Write out the listing below in full and exactly, leaving out every picture.

Provided data.

===============

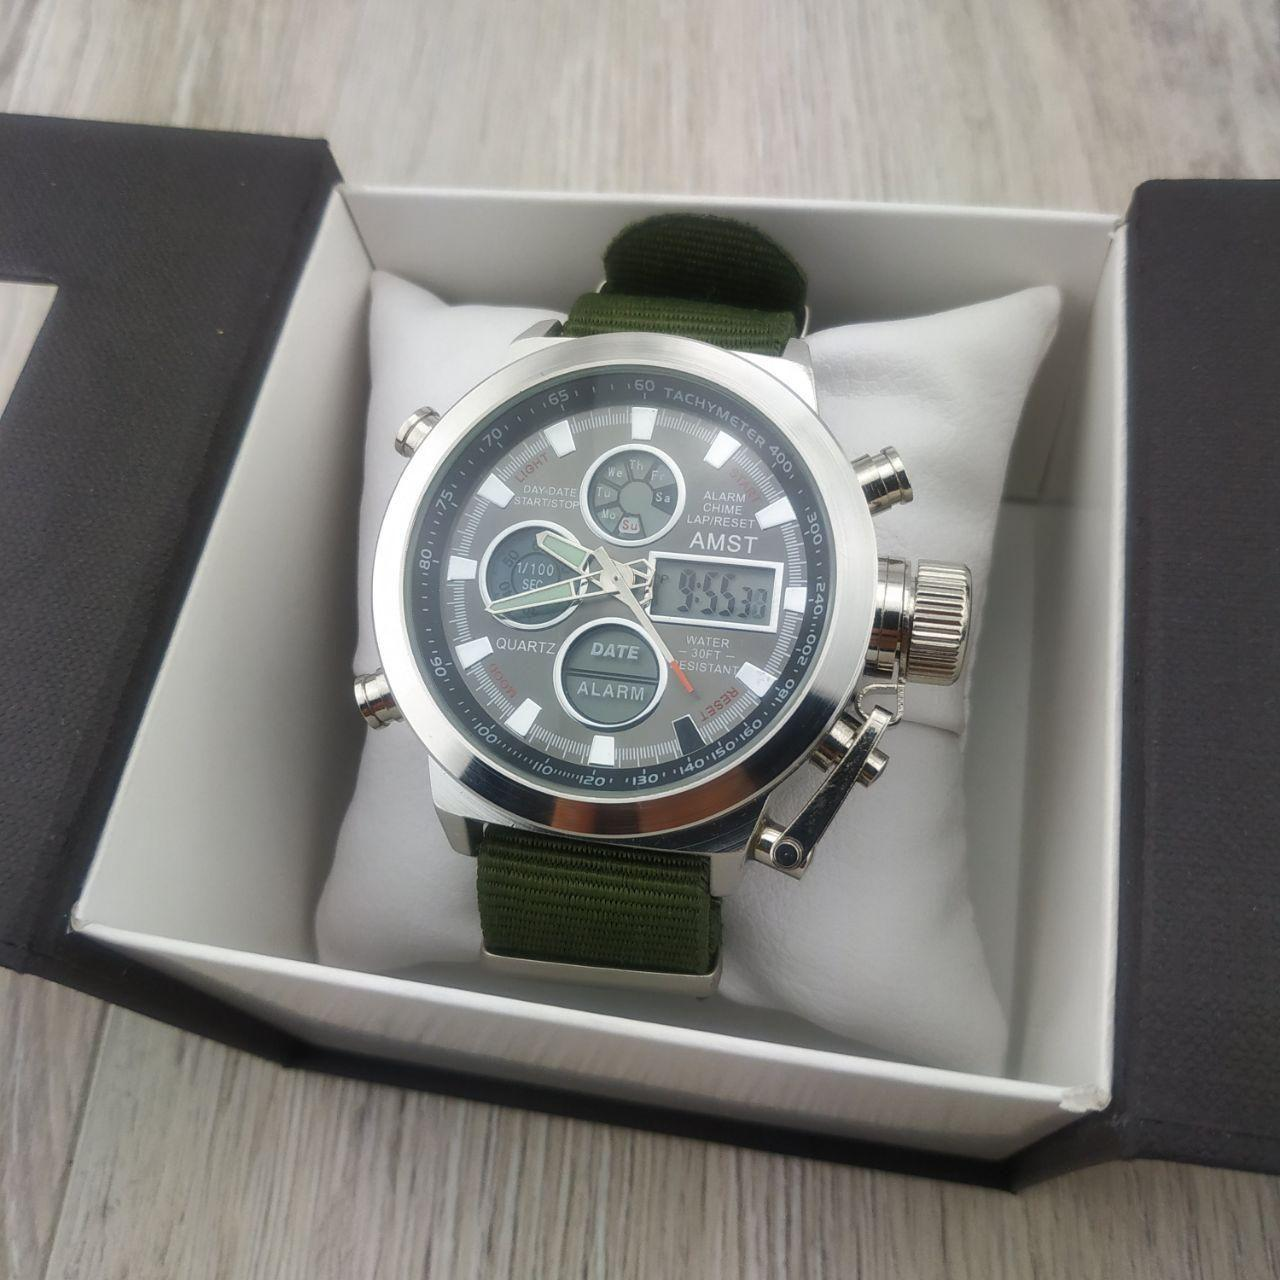 d7dbd3e35375 Мужские армейские наручные часы Amst am 3003 silver black на военном  ремешке амст
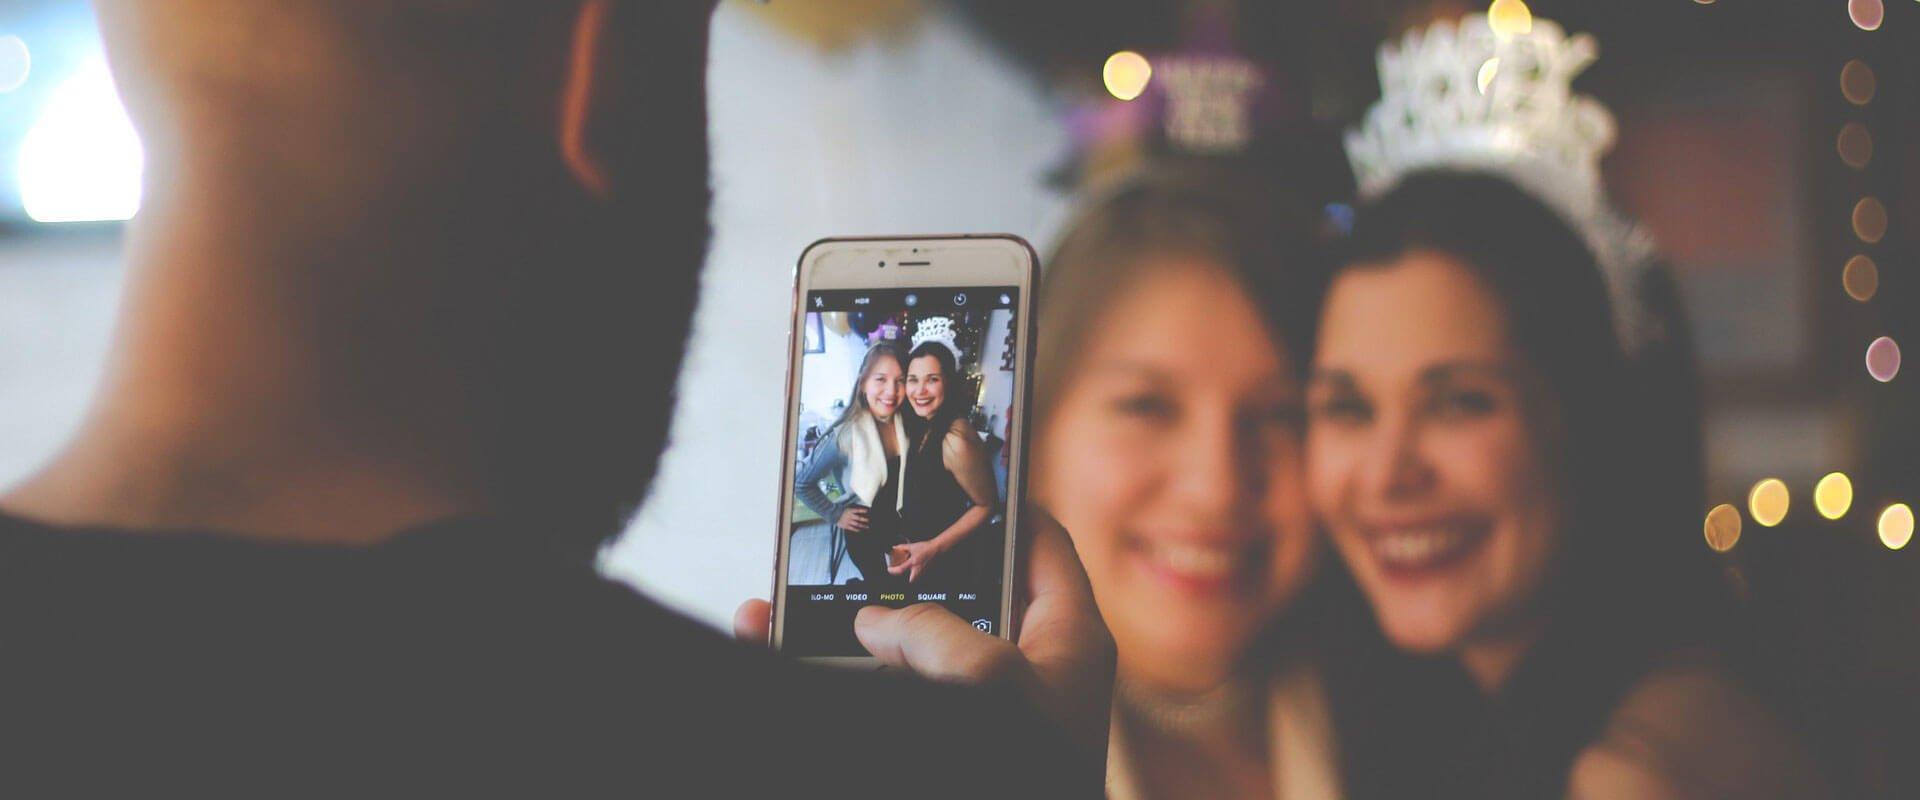 iPhone-fotos backup
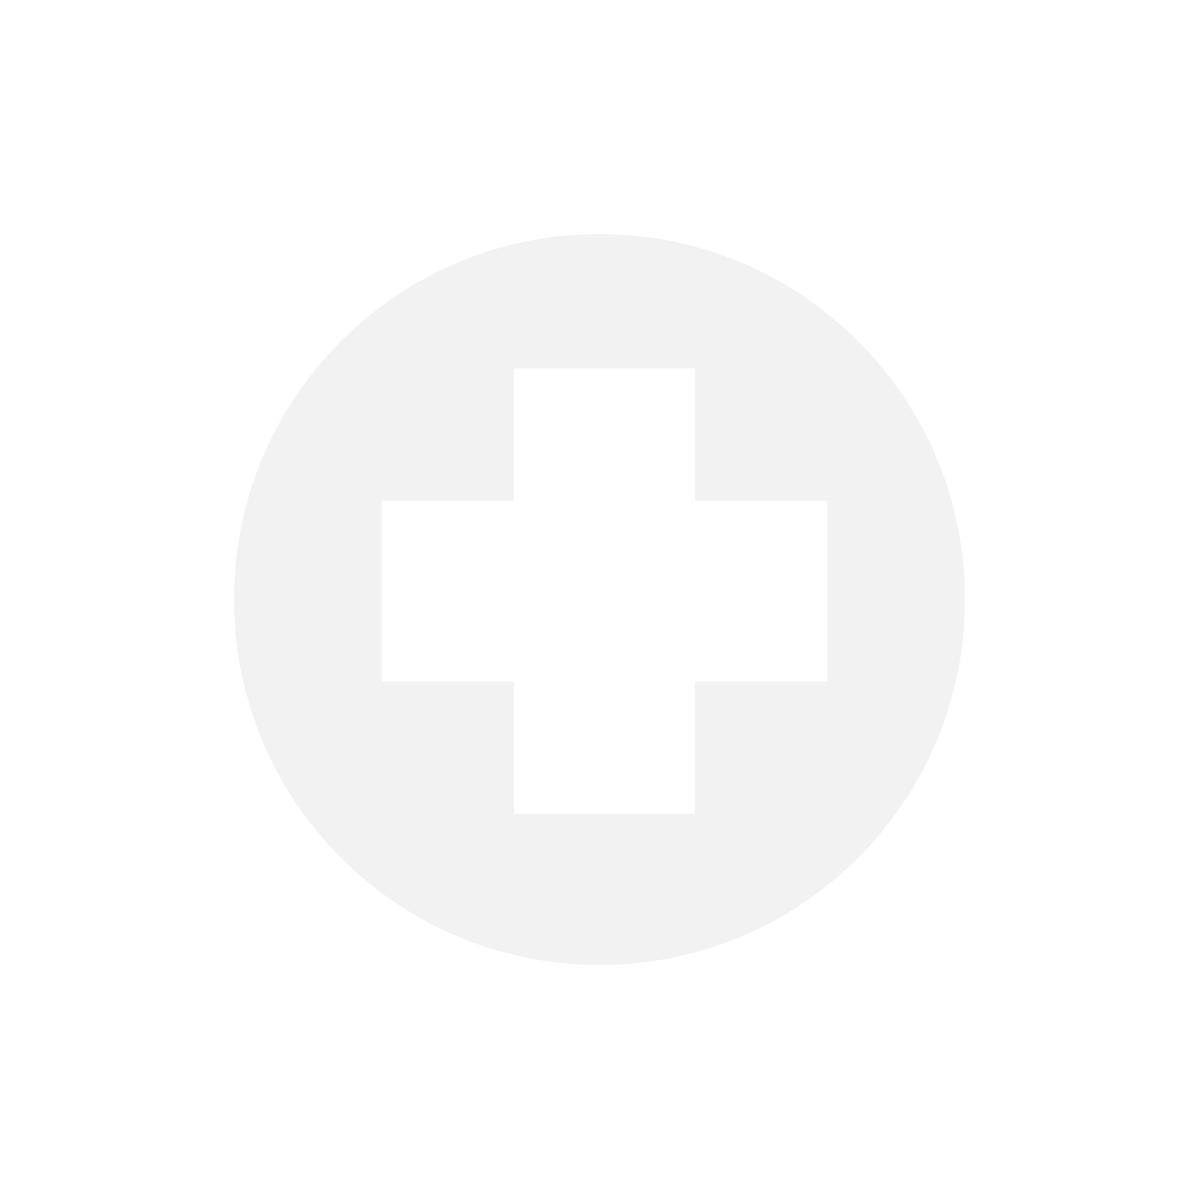 Genouillère élastique Stabilax™ Donjoy
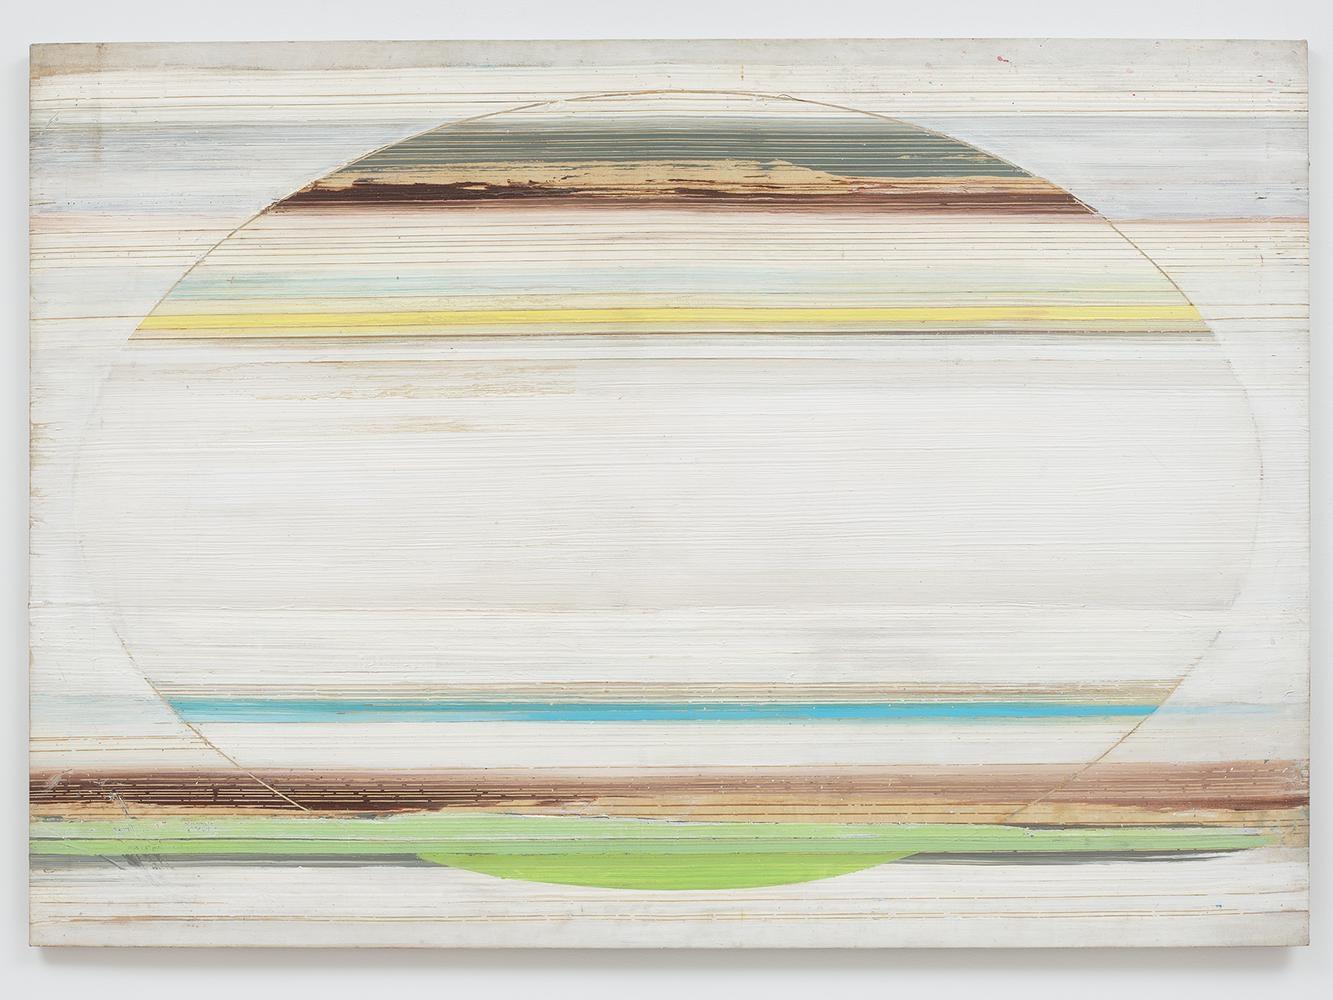 Ed Clark Untitled 1974-75 acrylic on canvas 57 1/4 x 80 1/4 inches (144.8 x 203.2 cm)

===============

Output of the task.
 d7dbd3e35375 Мужские армейские наручные часы Amst am 3003 silver black на военном  ремешке амст
 iPhone-fotos backup
 Genouillère élastique Stabilax™ Donjoy
 Ed Clark Untitled 1974-75 acrylic on canvas 57 1/4 x 80 1/4 inches (144.8 x 203.2 cm)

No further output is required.